# Colnago Master Olympic



## jamesm029

I could really use some help and advice. A friend of mine had a Colnago Master Olympic frame/steel fork in his garage it been there for many years. I bought it from him for $400.

It is in excellent condition no rust a few small chips thats it. It had downtube shifters on it at one time you can see the holes.

I want to put a full set of modern components on this bike and would like to know can you put the most recent Campagnola record group on it? How would you route the cables?
What do you do with the holes on the down tube?

If I decided to go with the same vintage components that were stock and searched on ebay what would the top end group be called for that vintage?


Please give me some help and constructive advice


----------



## Richard

I assume by "holes", you mean the downtube shifter bosses.

And yes, you can put modern componentry on those old steel frames. But not knowing the vintage (and no pictures) I couldn't tell you what would be "period correct."

But given the prices for good condition Campy Super Record, Record C, early 8 speed Ergo, etc., it would probably be cheaper to build it up with a nice new all alloy Campy group like '06 Centaur, or '07 Veloce.


----------



## Slartibartfast

*Rear dropout spacing...*

I bought a NOS Master Olympic a few months ago and had it built modern. Before purchasing a gruppo it's important to know the rear dropout spacing. If it's 130mm, it's possible to use a brand new Campy or Shimano gruppo, but if it's 125 it's not, or at least I don't think it is.

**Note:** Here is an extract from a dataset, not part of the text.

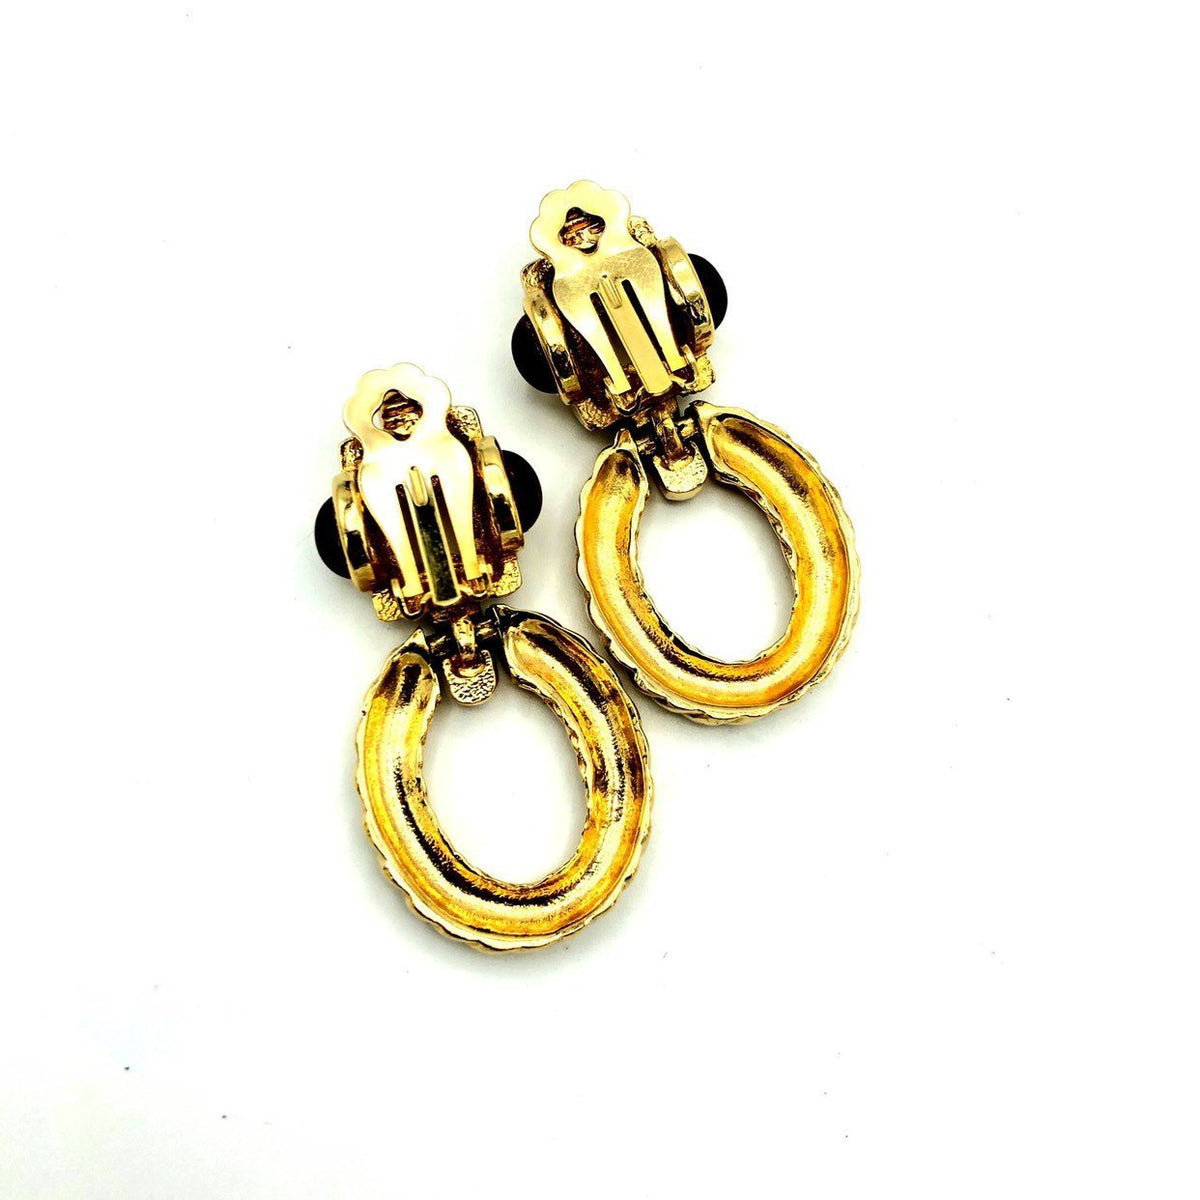 Gold Gripox Cabochon Rhinestone Vintage Clip-On Earrings - 24 Wishes Vintage Jewelry

I'm no expert, but others reading this thread are. I'm not sure when the industry changed from a 125mm standard spacing to 130, and whether the Master Olympic was ever made with 125. 

BTW, you didn't mention the fork. If it came with the original steel I'd recommend keeping it rather than replacing with carbon. :thumbsup:


----------



## Richard

fougasg said:


> I bought a NOS Master Olympic a few months ago and had it built modern. Before purchasing a gruppo it's important to know the rear dropout spacing. If it's 130mm, it's possible to use a brand new Campy or Shimano gruppo, but if it's 125 it's not, or at least I don't think it is.
> 
> I'm no expert, but others reading this thread are. I'm not sure when the industry changed from a 125mm standard spacing to 130, and whether the Master Olympic was ever made with 125.


Most road bikes built in the late '70's to about 1990 had 126mm rear spacing. The advent of 8 speed brought about 130mm. I have 130mm rear hubs for my 126mm spaced steel frame and I didn't even bother to cold set it. It's easy enough to slightly spread the dropouts as you pull the wheel in (the first generation of 8 speed Shimano hubs actually had a slight bevel on the locknut to facilitate wheel insertion as they were introducing the 130mm hub to a world full of 126mm spaced frames.) That bike has worked fine with both 8 and 10 speed.

You can cold set a steel frame (a definite plus) but I would recommend you have a very competent shop do it. It's also a good idea to check your derailleur hanger alignment with a 130mm hub in the frame if you don't cold set it. The slight "bowing out" of the dropout can effect shifting, particularly with super sensitive 10 speed.

My frame checked out spot on.:thumbsup:

P.S. My 1993 Fuso had 128mm spacing, a common compromise at that time to fit both 126 and 130mm hubs.


----------



## Slartibartfast

I knew an expert would show up!

I wish one would show up who could tell me when Colnago made the last Master Olympic. Supposedly they were released only in Olympic years, and supposedly they were identical to Master Lights and Master XLs made in the same years. Mine was sold to me as a Master Olympic but methinks it's a Master XL because of its paint job, which is Mapei team strip. Did Colnago release any Olympics in team strip??

Anyone know? :confused5:


----------



## tarwheel2

I had a mid-80s Bianchi with 126 mm spacing that my LBS reset for me, and it shifted fine with 9-speed Ultegra STI. One of my current bikes is a NOS De Bernardi that has 126 mm rear spacing. I put Dura-Ace downtube shifters (also 9-speed) on it rather than STI and didn't even bother resetting the rear spacing. It's a little more work inserting the rear wheel, but it fits and shifts fine.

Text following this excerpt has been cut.